Yes, context is really important. But:JS Bach made a whole raft of music, and quite a large fraction of it was religiously inspired. In spite of that it is perfectly possible to appreciate it at a deep emotional level without that particular spiritual connection. This is the genius of art to me: that it opens up an emotional channel between two individual separated by time and space and manages to convey a feeling, as clear as day.
Take U2's October as a nice example. (You mentioned Zombie, incidentally one of my favorites, the anger and frustration in there never fail to hit me, I can't listen to it too often for that reason), superficially it is a very simple set of lyrics (8 lines I think) and an even simpler set of chords. And yet: it moves me. And I doubt any AI would have come up with it or even a close approximation if it wasn't part of the input. That's why I refuse to call AI generated stuff art. It's content, not art.
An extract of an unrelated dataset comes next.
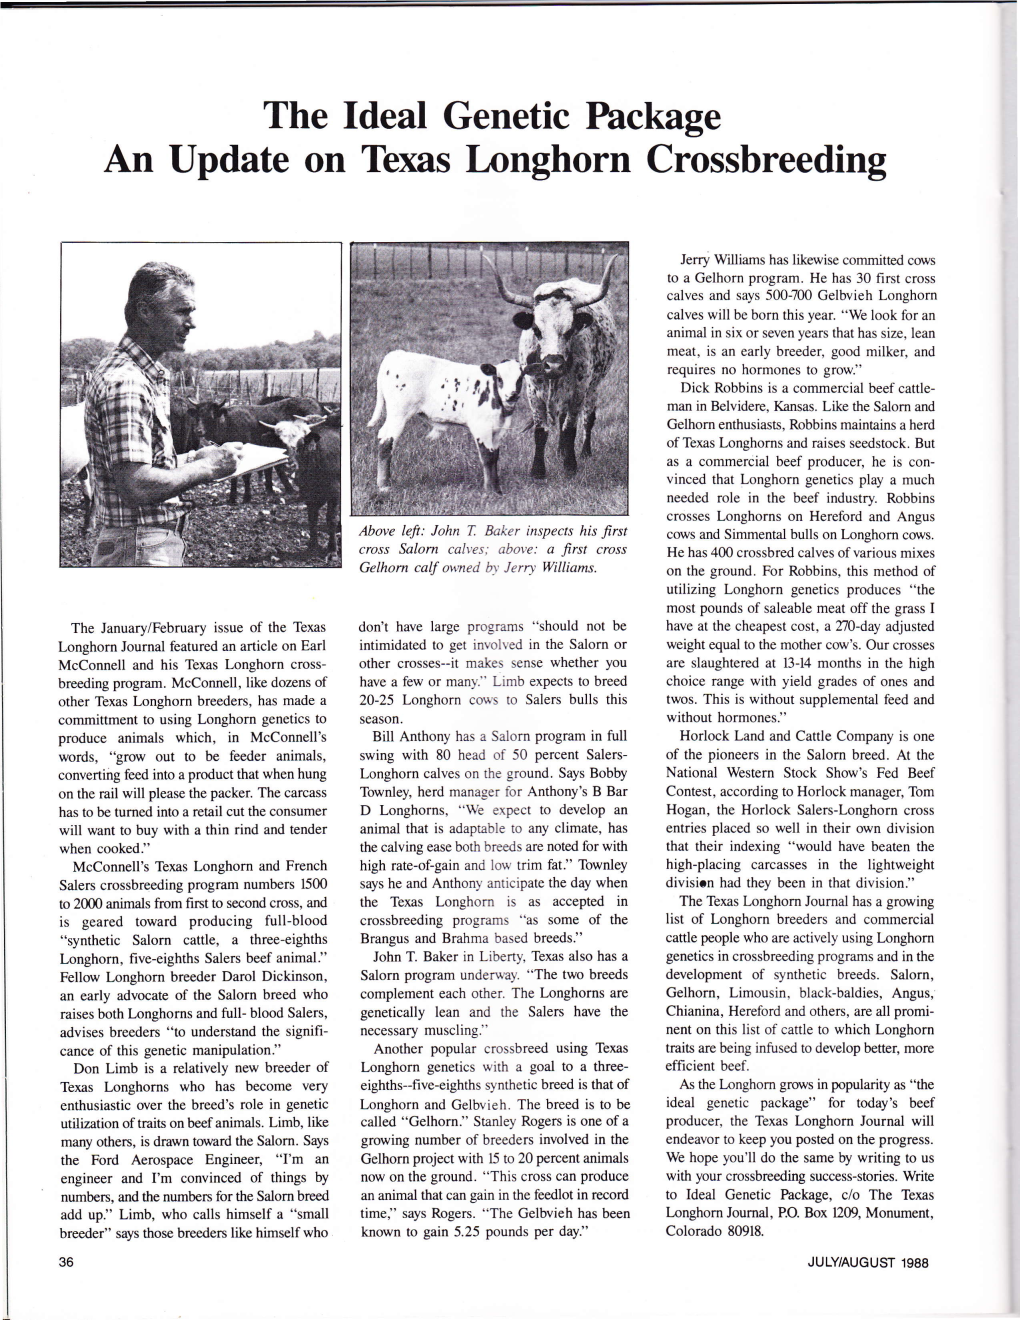 The Ldeal Genetic Package an Update on Texas Longhorn Crossbreeding

> And yet: it moves me. And I doubt any AI would have come up with it or even a close approximation if it wasn't part of the input.
I would have thought similarly, but actually feeding 19th century poems to Suno and iterating on the prompts several times I got some results that moved me emotionally, as in, listening/reading the words with this musical presentation enhanced my appreciation of the poems and it felt more visceral. Like making angry revolutionary poems into grunge brought it closer and less of a "histoic", "bookish", "dusty" thing.
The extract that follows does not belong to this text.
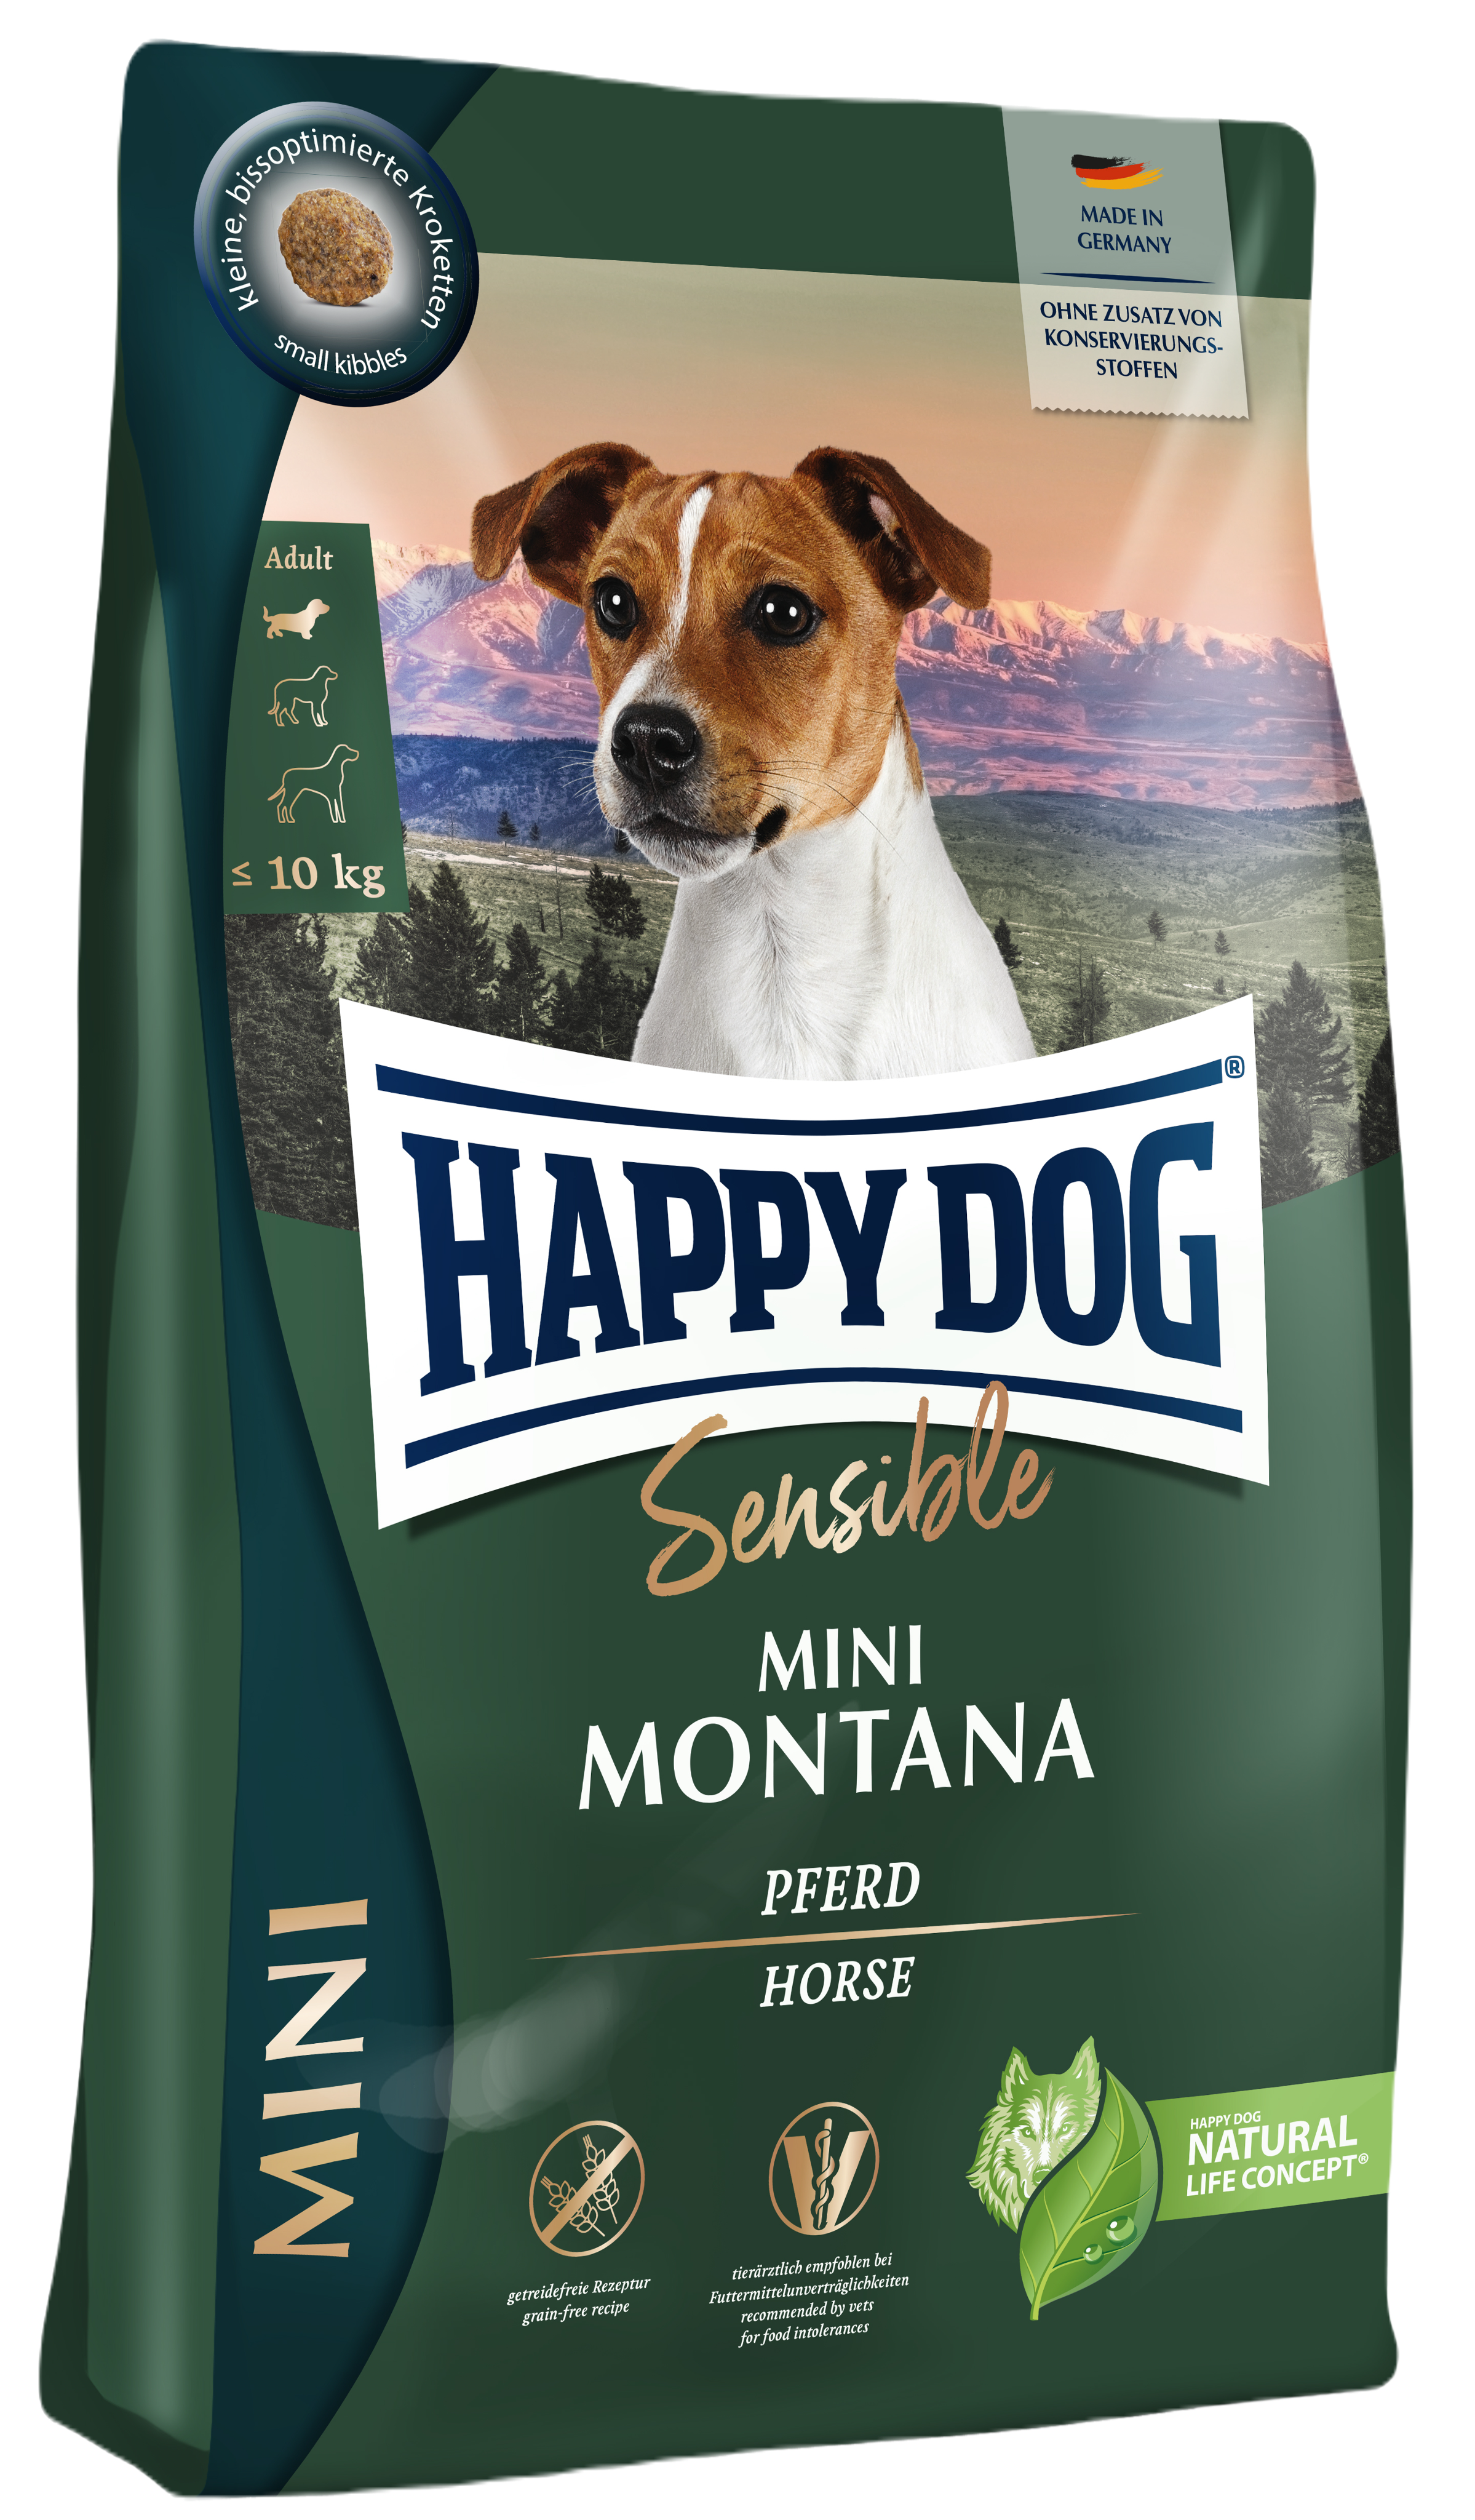 Sensible Mini Montana GrainFree Horse & Potato 800 g - Hund - Hundmat & hundfoder - Torrfoder för hund - Happy Dog - ZOO.se

That's a poster case for it being derivative works then. And of course, the more concentrated the input mixture the bigger the chance of some of that emotion leaking through.
I think there is a great case to be made here using purely synthetic sounds as the basis for emotion. Vangelis (Soil festivities), Klaus Doldinger (Skyscape) are great examples. These are sounds that have been produced exclusively by the mind and in spite of there not being a physical instrument involved they manage to convey imagery and emotion extremely effectively. This is technology used as an enabler. I've yet to come across someone using AI tech in the same liberating manner unlocking novel imaginary constructs in the way that those two did.
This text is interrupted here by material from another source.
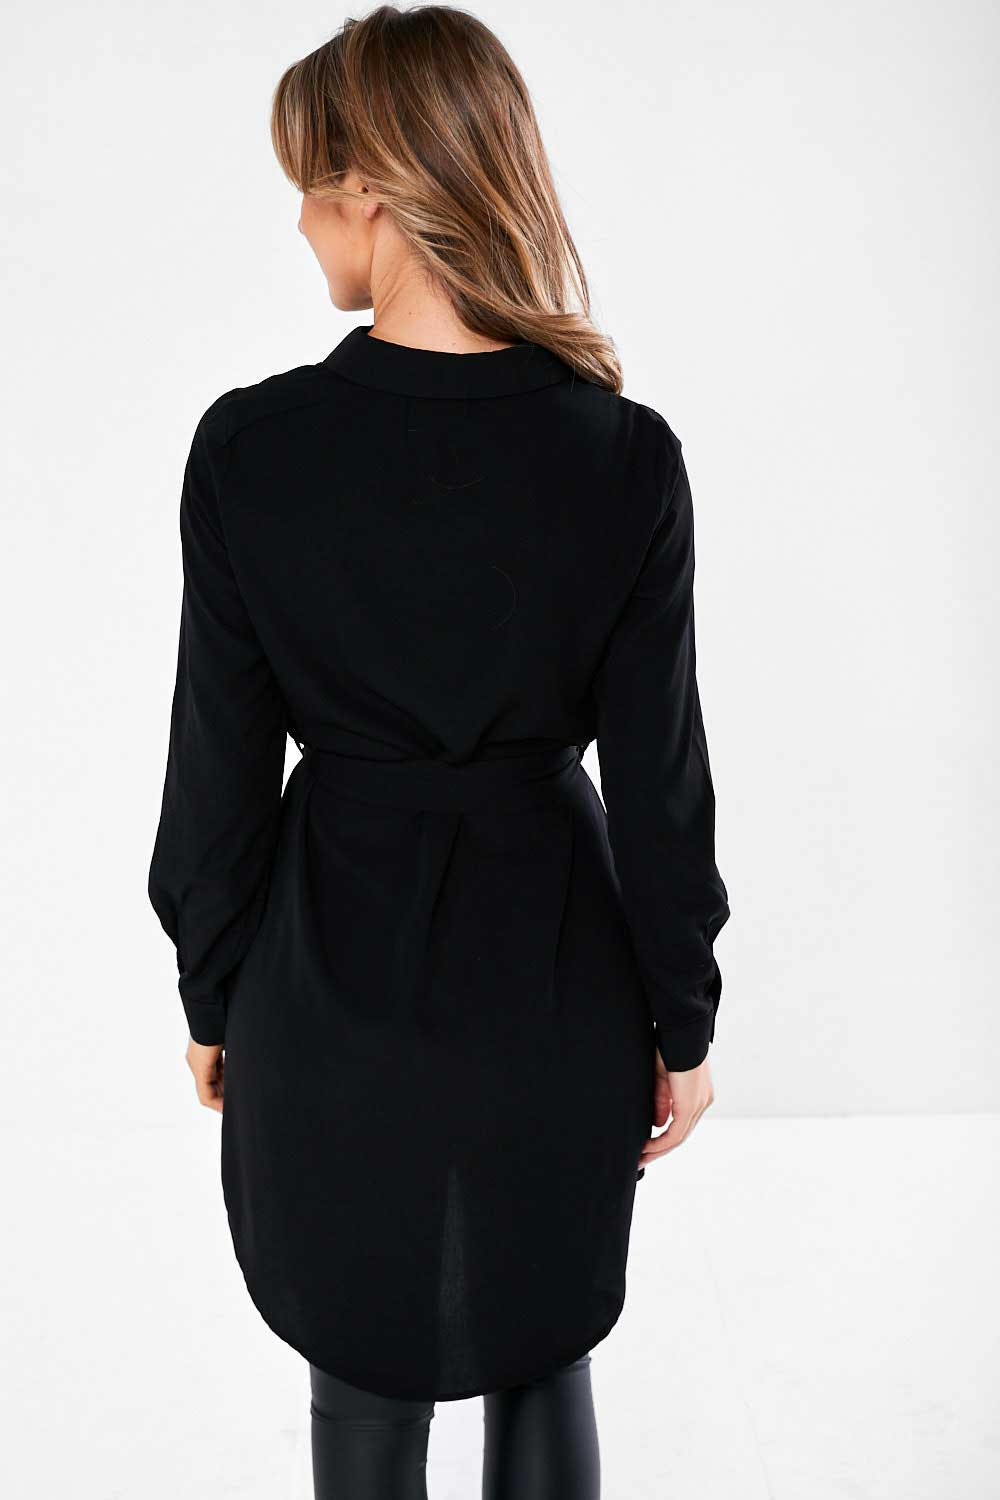 Vero Moda Boa Shirt Dress in Black | iCLOTHING

Take U2's October as a nice example. (You mentioned Zombie, incidentally one of my favorites, the anger and frustration in there never fail to hit me, I can't listen to it too often for that reason), superficially it is a very simple set of lyrics (8 lines I think) and an even simpler set of chords. And yet: it moves me. And I doubt any AI would have come up with it or even a close approximation if it wasn't part of the input. That's why I refuse to call AI generated stuff art. It's content, not art.